Where to even begin about my mom...I am the 4th child down in a family of 8 children...5 are from the same father and there other 3 are from my step-dad.

Mom as far as I can remember was this person who told us what to do. She was more a dictator than a mom. My dad hit my mom so she left him, then she married my step-dad who, yes you guessed it he hit her. Growing up was rough I remember a lot of yelling and screaming, sneaking out of windows to run to the neighbors to call the police. I remember alot of crying...when my mom getting right back with him the next day.

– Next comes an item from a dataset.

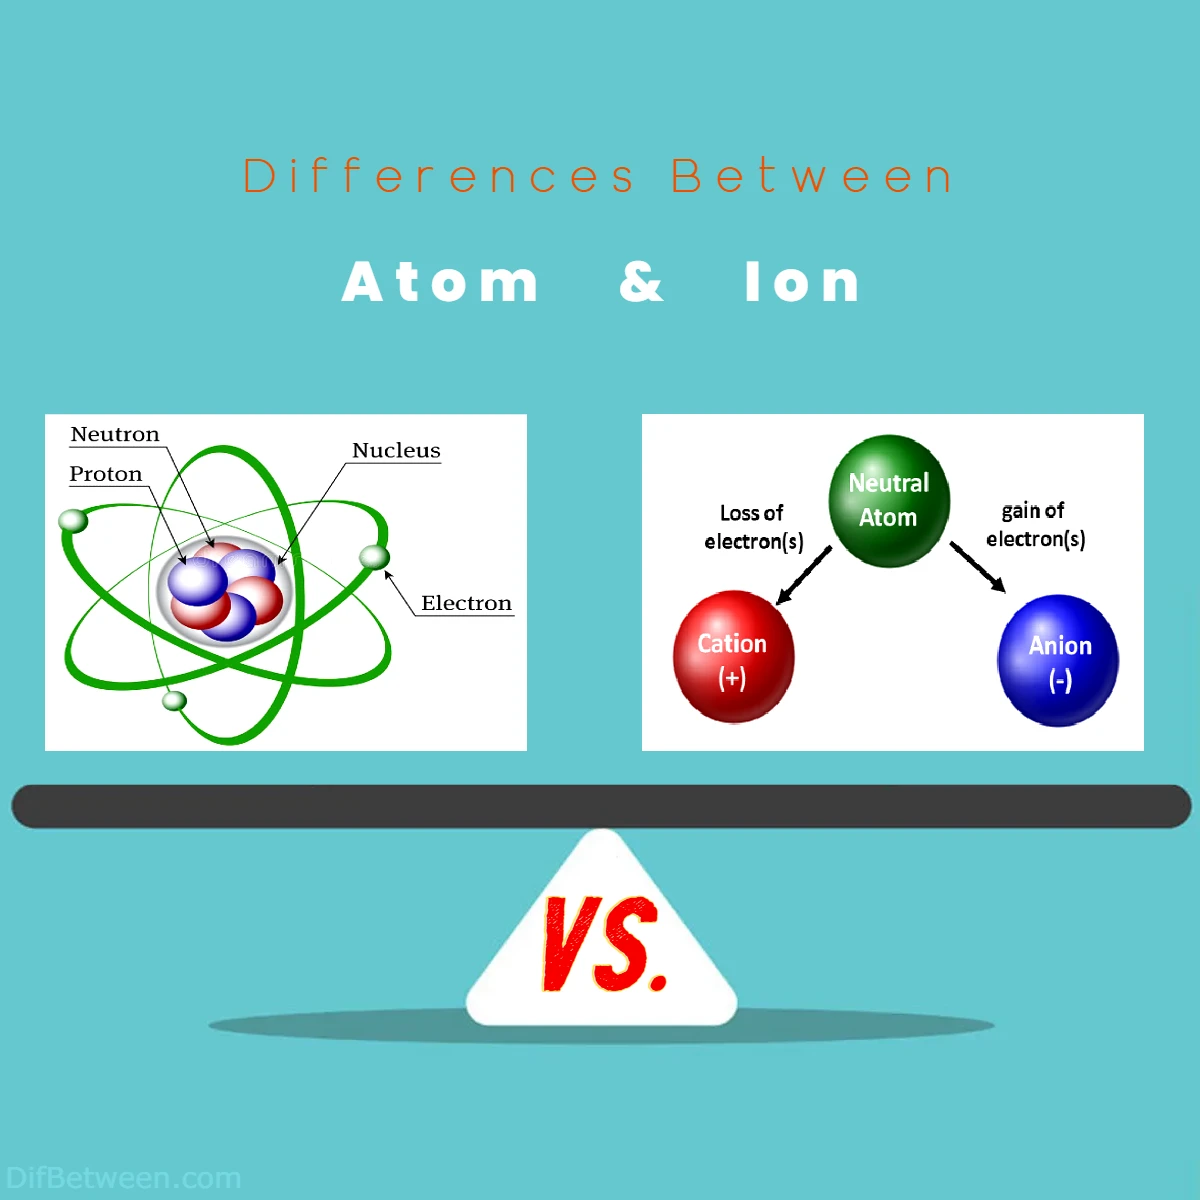 Differences Between Atom vs Ion

I married at 16 to get out of the house. Something I regretted not because I don't love my husband who I have been married to for 14 years but because I left my little brothers and my baby sister alone. I should have stuck it out for their sake right? I don't know I ask myself that all the time. My mom now denies that any of this every happened. She says she did everything for us. Could she really be that crazy to think that she was a good mom? Can all four of us sisters be making this horrible childhood up? I remember him telling me he would knock my head off with this bat he was holding if I made a move all the while my mom screaming at me to go call the police. How could someone threaten your child like that and you just forget about it? Do I need help or does my mom? I have told her numerous times to seek help. I told my sister to forget about what she did to us and go on with her life, so why can't I let it go? Its easier said than done. Parent's are the most important part of your life as a child, so if your parents don't treat you right remember to tell yourself I will be okay...this pain can't last forever right?